Bandung (ANTARA) -
Dinas Kesehatan Provinsi Jawa Barat menyatakan Aplikasi Health Heores Nutrihunt yang digagas oleh instansinya bersama Kemenkes RI dan Global Alliance for Improved Nutrition (GAIN) Indonesia, bisa mempermudah warga, untuk mengecek nutrisi makanan lewat telepon pintar.

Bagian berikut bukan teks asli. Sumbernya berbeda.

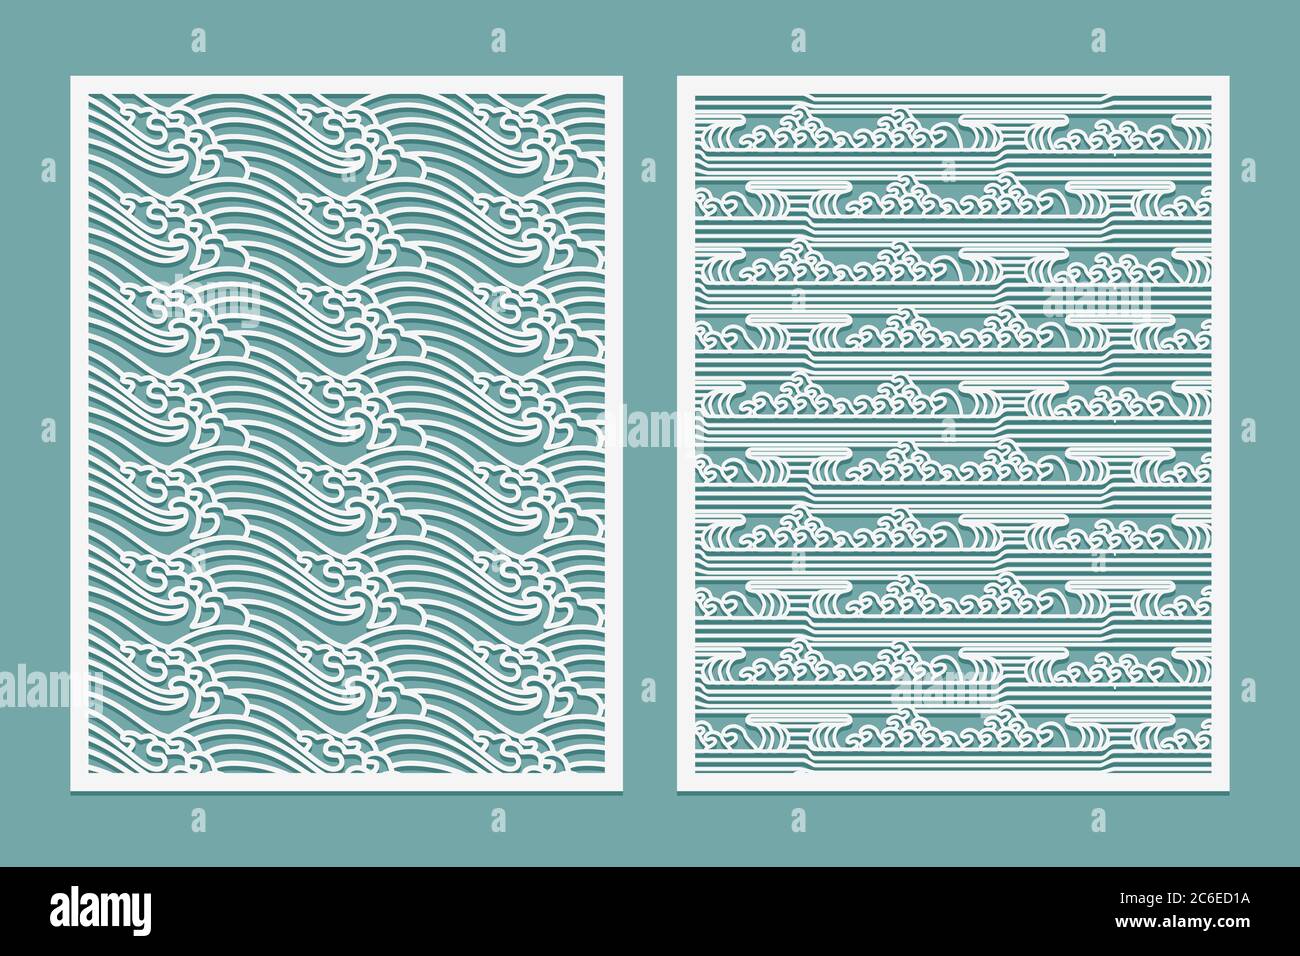 Laser cut templates patterns. Rivers waves Oriental style scenery Metal cutting or wood carving, panel design, stencil for fretwork, paper art, card b Stock Vector

"Health Heroes Nutrihunt adalah aplikasi untuk memindai kandungan nutrisi makanan. Fungsi aplikasi ini untuk meningkatkan kesadaran bagi masyarakat khususnya remaja agar lebih peduli terhadap hak informasi makanan melalui pengecekan label pangan kemasan," Pelaksana Tugas (Plt) Kepala Dinas Kesehatan Provinsi Jawa Barat Vini Adiani Dewi, disela-sela peluncuranAplikasi Health Heores Nutrihunt, di Gedung Sate, Kota Bandung, Jumat.
 
Vini mengatakan aplikasi ini juga diharapkan dapat mengedukasi para remaja untuk membiasakan membaca informasi gizi pada makanan.
 
Selain bisa melihat kandungan nutrisi, lanjut dia, masyarakat juga bisa ikut melaporkan kandungan nutrisi makanan kemasan.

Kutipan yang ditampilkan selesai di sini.